I seen an 06 Model Brute with an 08 pull starter cover in it...atleast that is what the guy said.....Is that really possible or was he shooting me a line of BS??? I haven't even thought about it or even looked into it...LOL!


----------



## HeadC1 (Feb 11, 2009)

I have one on my 07. To me it is something to worry about, the pull start fills with mud, wears out the seal and then your exposing your crankcase to mud and water. You can order one for an 08 from your local dealer or online at any of the oem places for cheap.


----------



## Bootlegger (Dec 18, 2008)

Cool...I will get me one at work this evening...


----------



## usmctadpole (Feb 23, 2009)

whats up with the 08 pull start? does it not leak or something?? anyone got a pic?


----------



## bump530 (Jan 5, 2009)

usmctadpole said:


> whats up with the 08 pull start? does it not leak or something?? anyone got a pic?


they dont have a pull start. they have a cover that goes in the place of it.


----------



## phreebsd (Dec 16, 2004)

yeah we do 

get that cover. as HeadC1 said water can get in over time thru that seal (for you guys with a pull start)

they don't sell em for nothing!


----------



## IBBruin (Feb 10, 2009)

For all the good my pull start does I might as well cut the rope and seal it with silicone.


----------



## Yesterday (Jan 2, 2009)

lol. i've never seen a pullstart on a muddin bike work right


----------



## Suisyco (Mar 29, 2009)

I found one on bikebandit.com for a 08 750, about 12.00 for the cover and 6.00 for the gasket.


----------



## phreebsd (Dec 16, 2004)

sounds good there.


----------



## 30backs (Feb 23, 2009)

so the 08 cover will fit over the pulley on the end of the crank without having to remove it


----------



## Bootlegger (Dec 18, 2008)

IBBruin said:


> For all the good my pull start does I might as well cut the rope and seal it with silicone.
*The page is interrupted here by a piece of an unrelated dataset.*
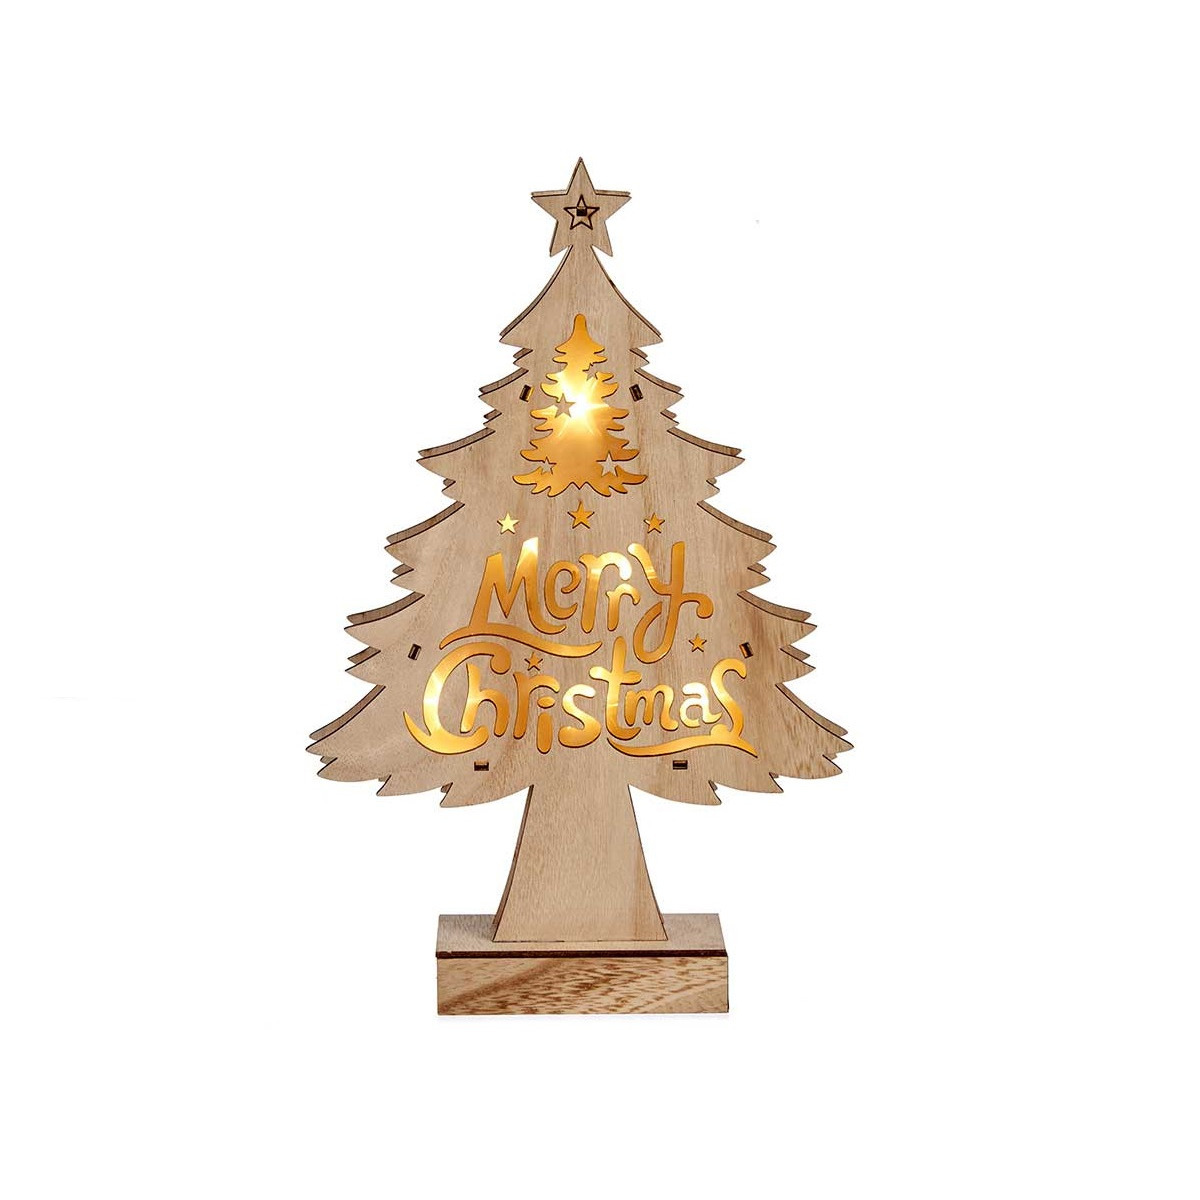 Houten kerstboompje decoratie van 32 cm met LED verlichting Merry Christmas wish

I thought about that....:thinking::rockn:


----------



## HeadC1 (Feb 11, 2009)

30backs said:


> so the 08 cover will fit over the pulley on the end of the crank without having to remove it


 
No you will have to remove the pulley. Atleast I did on mine, but when I got my bike the guy gave me a metal cover. I ordered the one from bikebandit for my wife's bike and it is plastic, may stick out further. I'll check tonight and let you know for sure.


----------



## 30backs (Feb 23, 2009)

HeadC1 said:


> No you will have to remove the pulley. Atleast I did on mine, but when I got my bike the guy gave me a metal cover. I ordered the one from bikebandit for my wife's bike and it is plastic, may stick out further. I'll check tonight and let you know for sure.


did you just remove the bolt and pulley are did you put the bolt back:banghead:


----------



## HeadC1 (Feb 11, 2009)

I put the bolt back and I forgot to look last night to make sure the plastic cover from bikebandit fit over the pulley or not.


----------



## 30backs (Feb 23, 2009)

Installed the 08 pull start cover with some rtv did not need to remove pulley are bolt seems to seal great and cost under $10


----------



## Big Bad Brute (Apr 22, 2009)

will i have a problem if i dont go too deep?
or will the seal just wear out naturally?


----------



## 30backs (Feb 23, 2009)

i had a little bit of sand in mine ive just got to much invested not to do this simple fix i saw my buddies honda motor start smoking because of this so i wouldn't chance it


----------